Principle #3. This principle, unsatisfiable in the present case, requires that the results of animal studies and knowledge of the history of the disease indicate that performing the experiment will yield likely beneficial outcomes.
Principle #5. The harm signals in VAERS, whistle-blower data, properly conducted autopsies, and many reports of injuries provide a de facto contra-indication for this principle: “No experiment should be conducted where there is an a priori reason to believe that death or disabling injury will occur;…”
Principle #6. If there is negligible harm, then no benefit can be obtained, and no level of risk, even the most minuscule, can be tolerated: “The degree of risk to be taken should never exceed that determined by the humanitarian importance of the problem to be solved by the experiment”
Here are some related questions:
What health emergency among this young cohort is prompting consideration of an EUA for an mRNA Covid-19 biologic?
What statistically significant benefits vs. placebo have been demonstrated to-date?
What short, medium, and long term harms have been identified, vs. placebo?
Is the study control arm a placebo control arm?
Are there harm signals available from any source, that with proper analysis have potential to contra-indicate performing, expanding, or continuing the experiment?
Is the number of study participants sufficiently powered to produce statistical significance for deaths and hospitalization outcomes?
Is the study looking at clinical outcomes?
What have the animal trials shown (were there animal trials) with regard to injecting the very young?
If the medium and long-term risks are unknown, how can one morally and ethically justify injection of novel mRNA technology as a biologic in the very young?

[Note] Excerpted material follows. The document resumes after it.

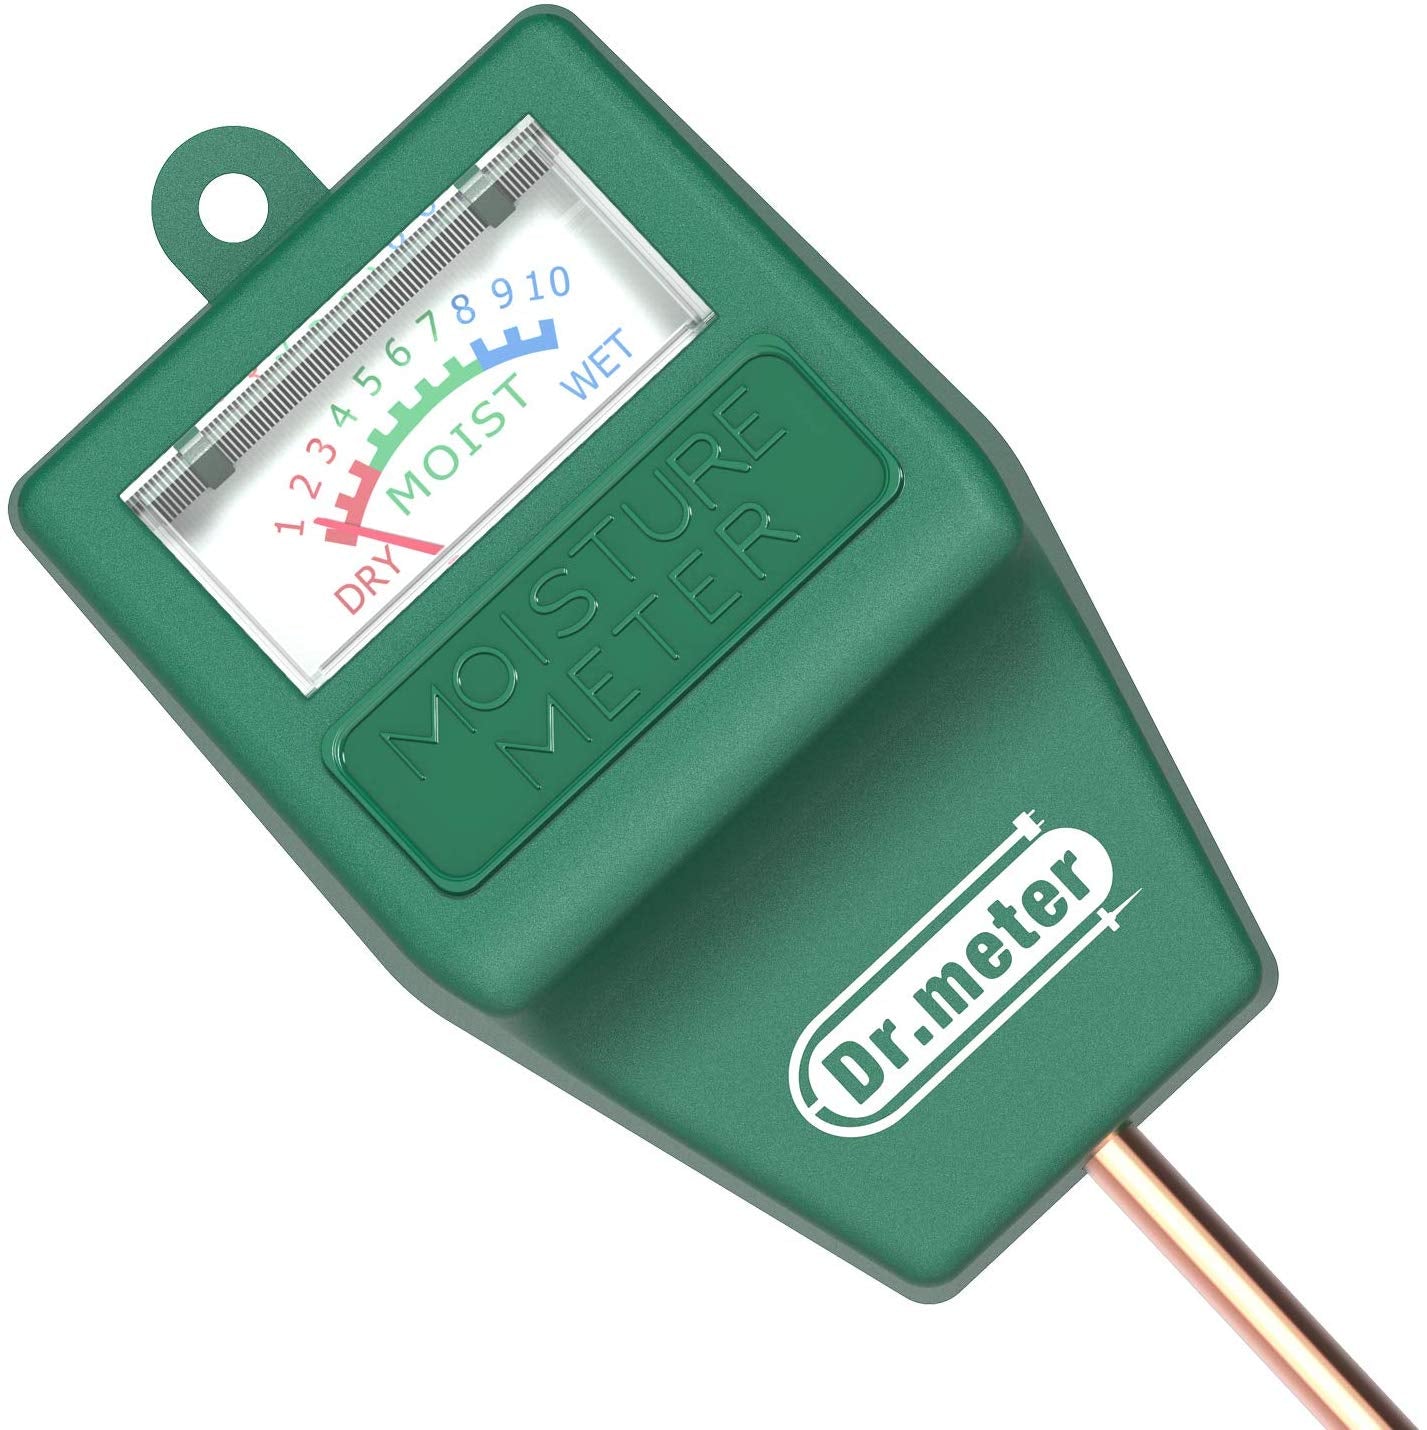 Hotbest Soil Moisture Sensor Meter Soil Water Monitor Hydrometer for Gardening Farming No Batteries Required, Size: 2pcs, Green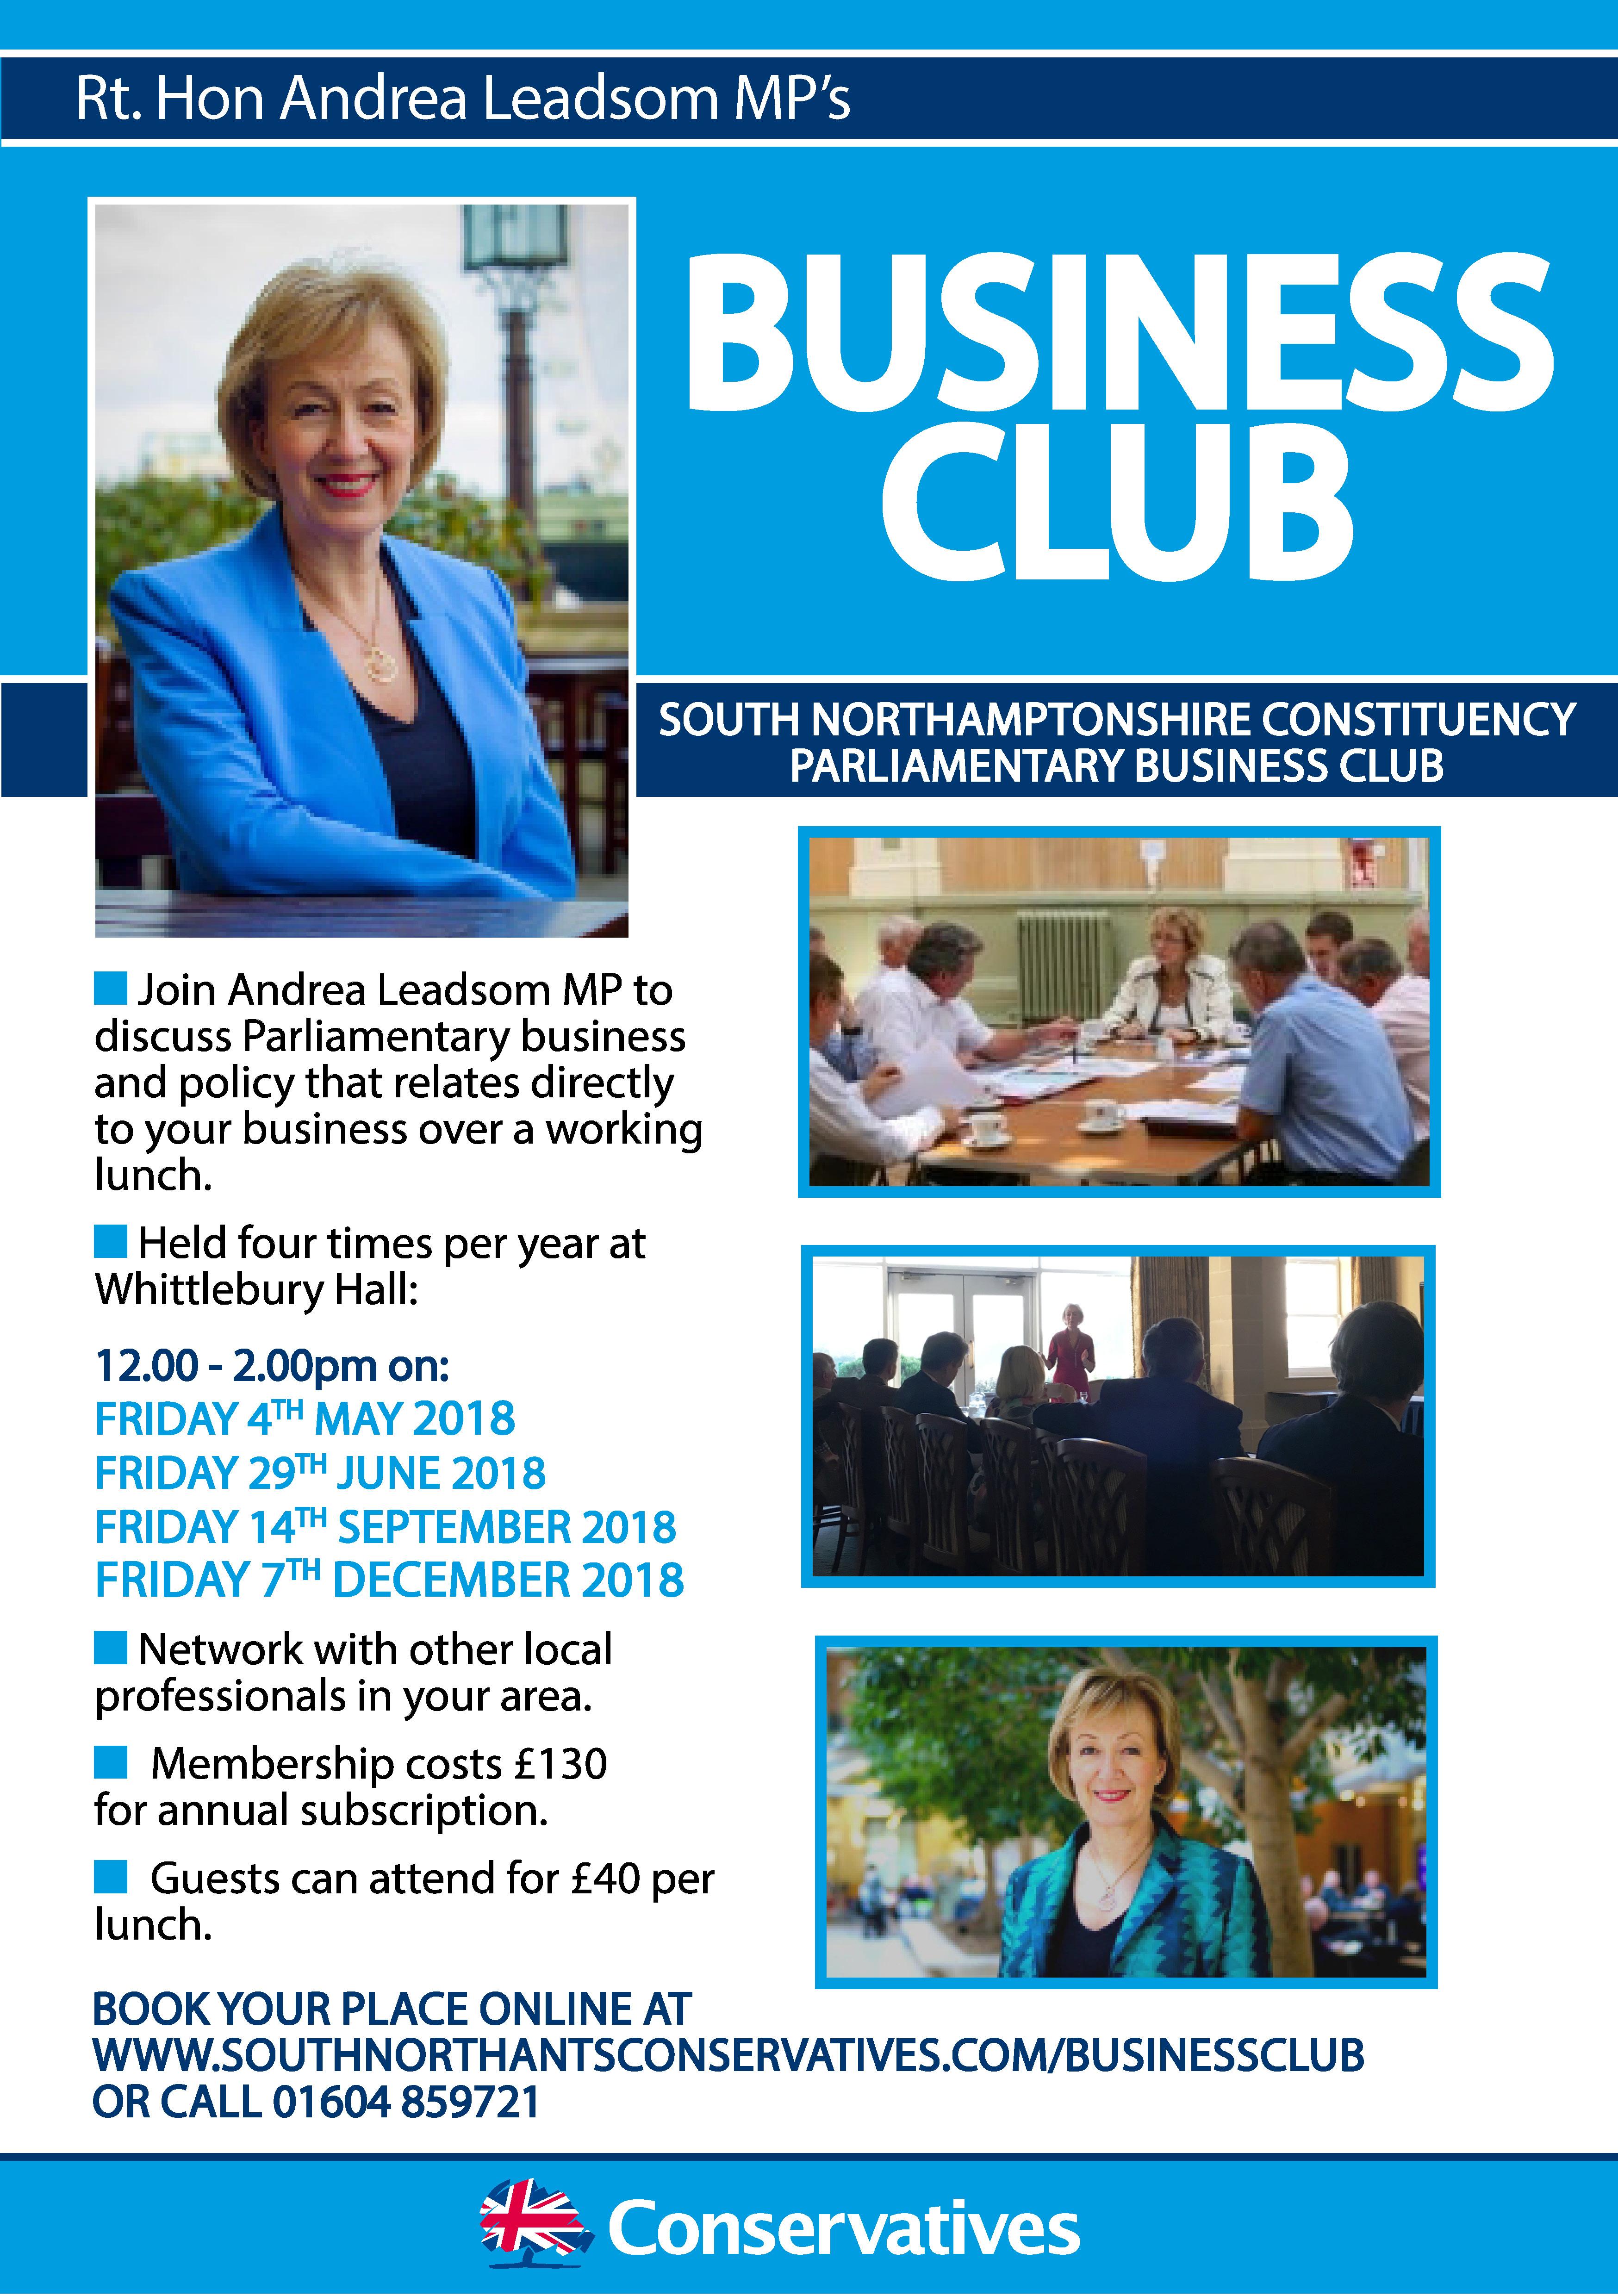 Andrea Leadom MP's Business Club December 2018

While I am writing, I would like to take the opportunity to encourage a broader focus on public health over a single focus to promote vaccines:
I ask, with utmost urgency as it may represent the most immediate benefit, that early treatment via cheap, effective, established, widely-available medicines with known safety profiles, be promoted with restrictions lifted, even though they may be off-label uses for COVID-19, and even though they may utilize some of WHO’s “essential medicines”.
I ask that the decisions for interventions shall be left to patients in consultation with their doctors, including prophylaxis and treatment.
I ask that the EUAs be terminated for all youth, under 18 years old, who lack any serious co-morbidity of concern.
I ask that the serious adverse event signals in VAERS and other health data systems be transparently and honestly pursued, particularly with regard to the underreporting factor.
I ask that all follow-up, long term studies that were suggested for the conditional licensing of all COVID-19 biologics, past, present, and future, be re-cast as required studies so that the medium and long term health side effects can be properly identified and quantified.
I ask that you encourage a quick end to the COVID-19 emergency.
Thank you very much.
And off they go … (and online docket comment submitted too)
Wonderful. All of it looks great to me. Very detailed and thorough. I have no edits other than typos I caught. ;) In caps below.
What statistically significant benefits vs. placebo HAVE been demonstrated to-date?
I ask that you encourage AN (or THE) end to the COVID-19 emergency.
Thanks again for getting the word out about this. It's so crucial that we do everything we can to stop this.
Touché. If this were a petition, I would gladly sign it.